Today's 2006 Social Report shows that the Government is failing to bridge the widening gaps between rich and poor in this country, Green Party Social Development Spokesperson Sue Bradford says.

" The plain fact is that incomes have been rising for those at the top, while there has been 'relatively little change' for the 20 per cent on low incomes. The Government is either treading water when it comes to tackling the issues of poverty and income inequality, or is going backwards," Ms Bradford says.

"Within the Report's timeframe, the segment of the population living below the 60 per cent poverty threshold was still higher than it was in 1998. Inroads made into poverty have been miniscule. In June 2001, 22.6 per cent of dependent children were living in families ranked among the three lowest income tiers and that figure has barely budged since, to 21 per cent..The same period saw a three per cent rise in those suffering severe hardship.

" The Government can try to say that its Working For Families package is now tackling the problems the Social Report identified as being prevalent in 2004. In fact, Working For Families systematically discriminates against beneficiaries and their families. The very people who this Report identifies as being among the most needy and vulnerable families in New Zealand are being deliberately left behind. As the economy heads south, this situation can only get worse.

"Beneficiary families for instance, are over-represented in the lowest indicators, but they are discriminated against by WFF. They are also being hit with a double whammy. The Special Benefit has been eliminated - and replaced by the Temporary Additional Support measure, over which Work and Income has a lot less discretion when people find that they can't make ends meet.

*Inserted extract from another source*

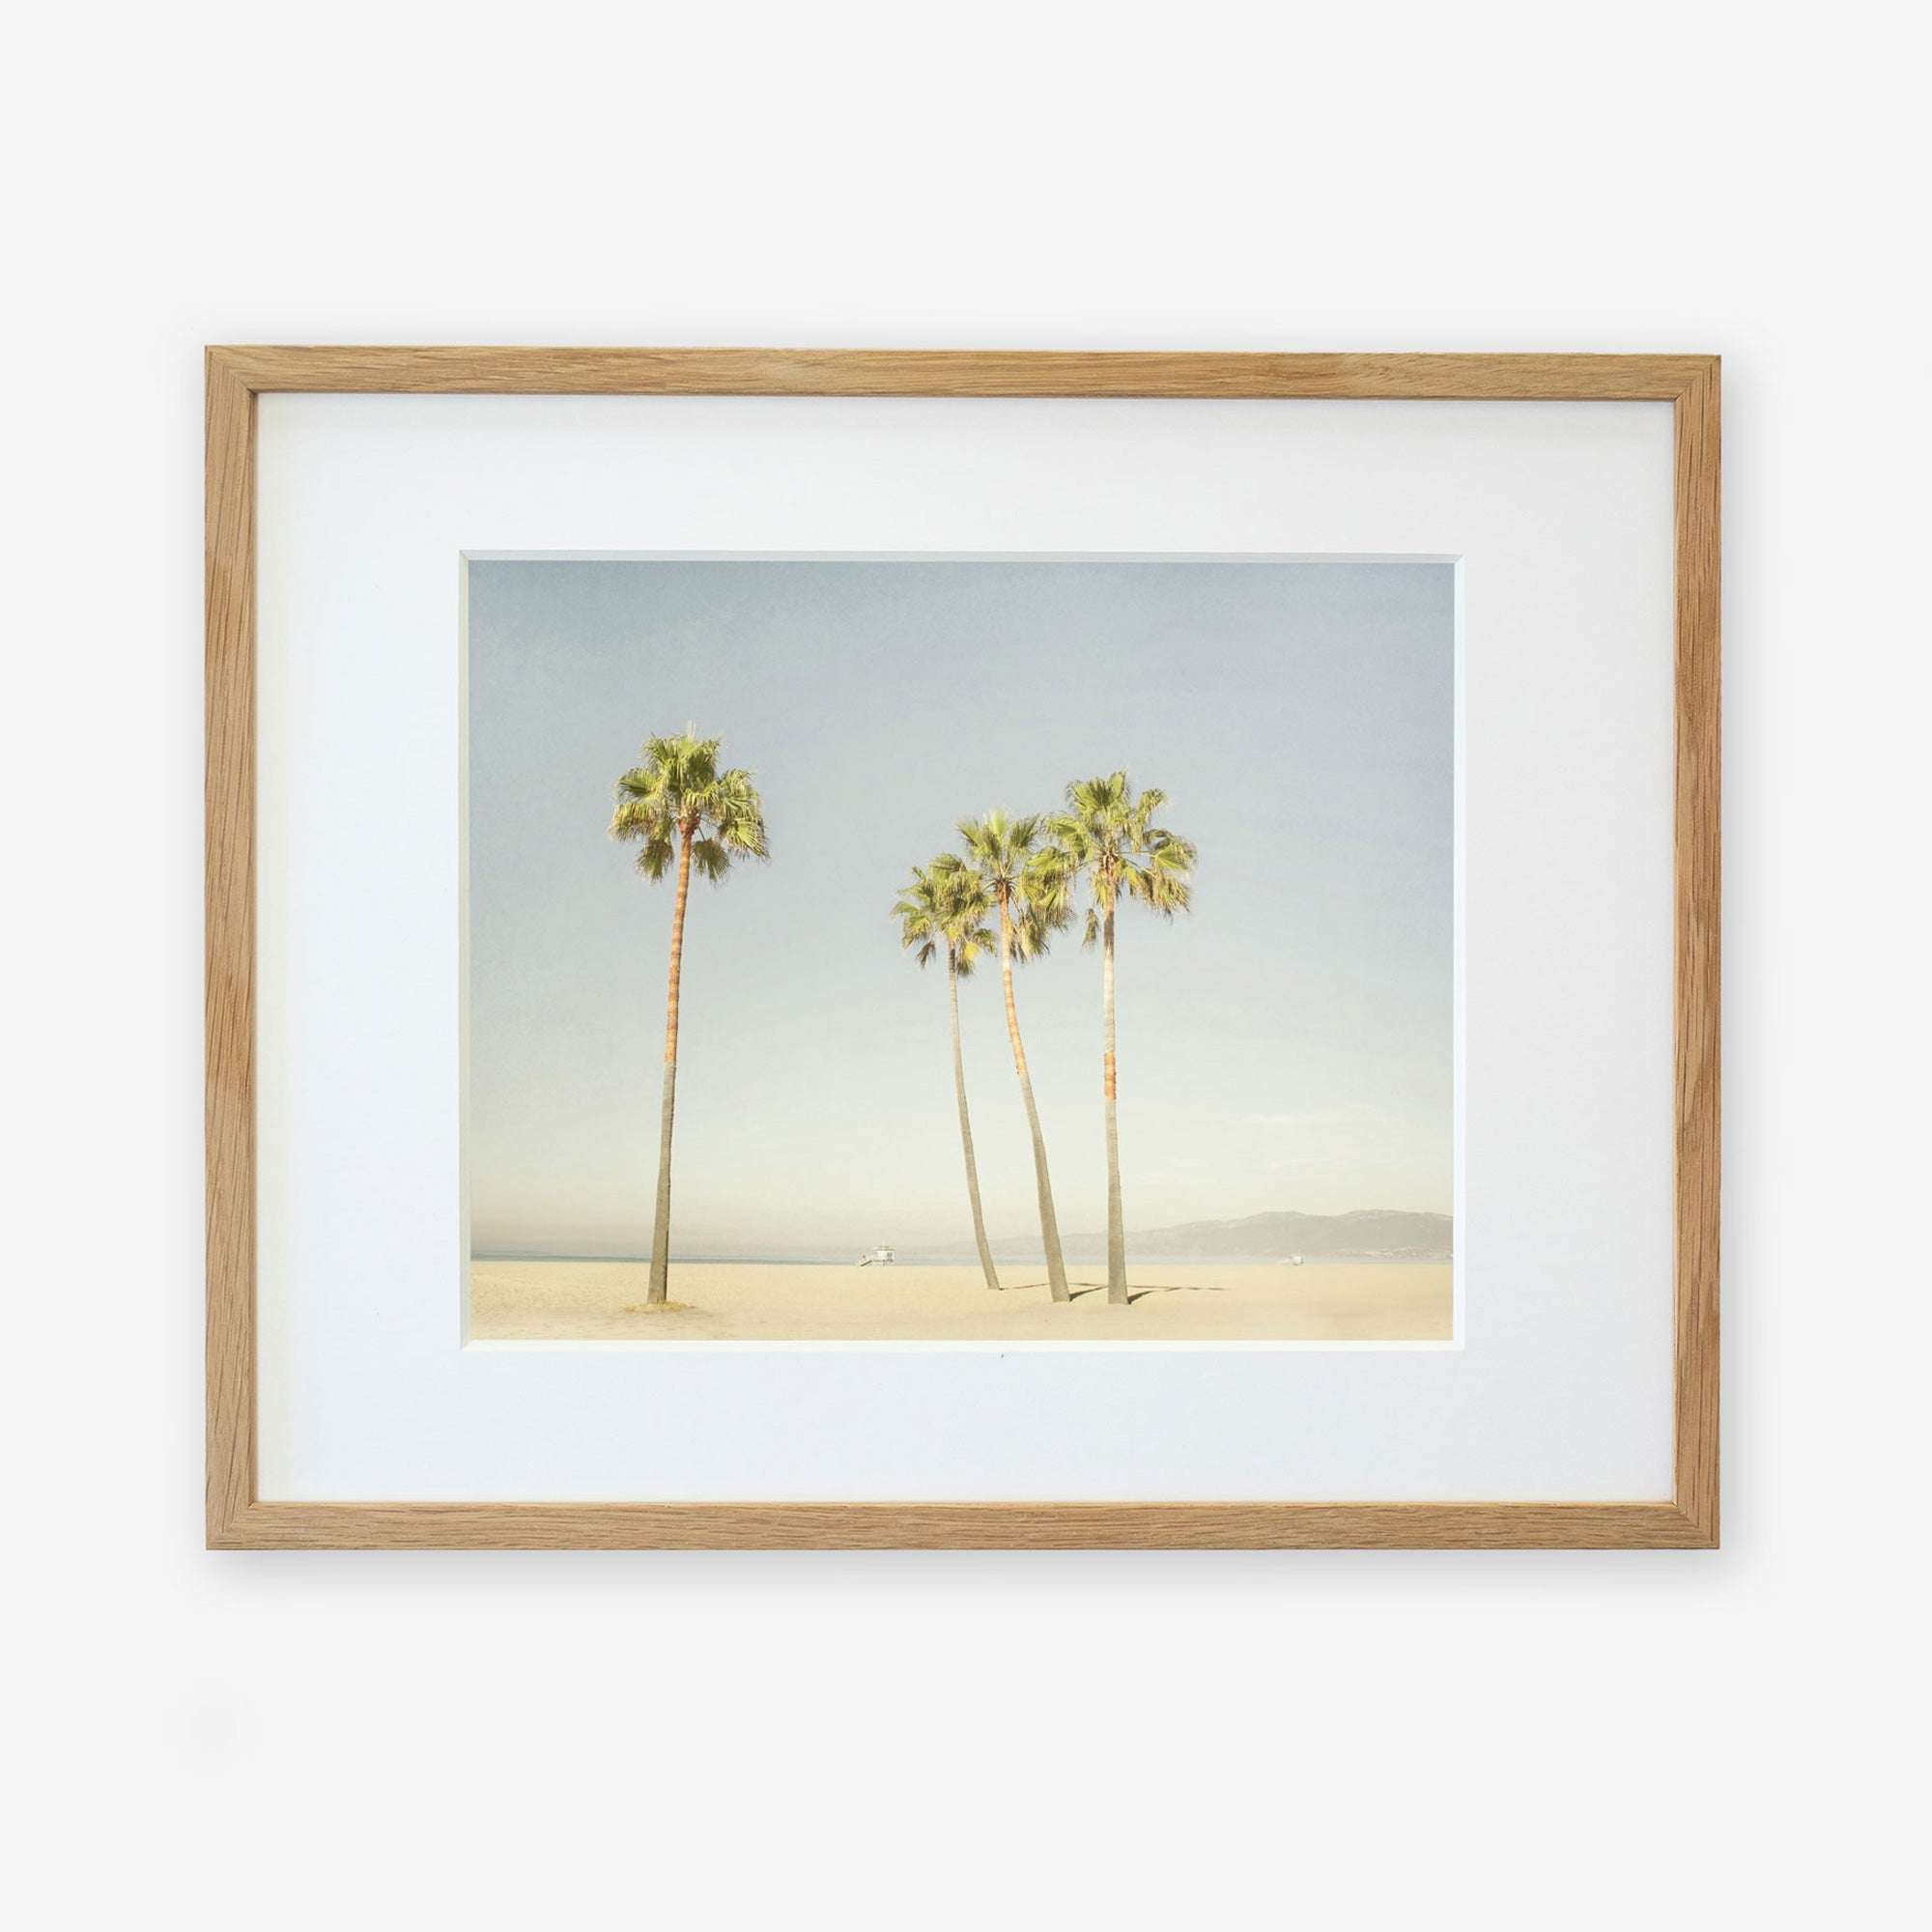 An unframed California Beach Palm Tree Print of five tall palm trees on a sandy beach under a clear sky, printed on archival photographic paper by Offley Green.

In the depth of winter, this change is now hitting people really hard, as power costs are going through the roof."

."Some workable solutions ? End discriminatory youth wages for workers under 18. Lift the adult minimum wage to $12 immediately, and make Working for Families equitable for beneficiary families.

"Beneficiaries and their families should not continue to be neglected in the name of a politically driven 'Welfare to Work' strategy that leaves a quarter of the population in desperate straits," Ms Bradford says.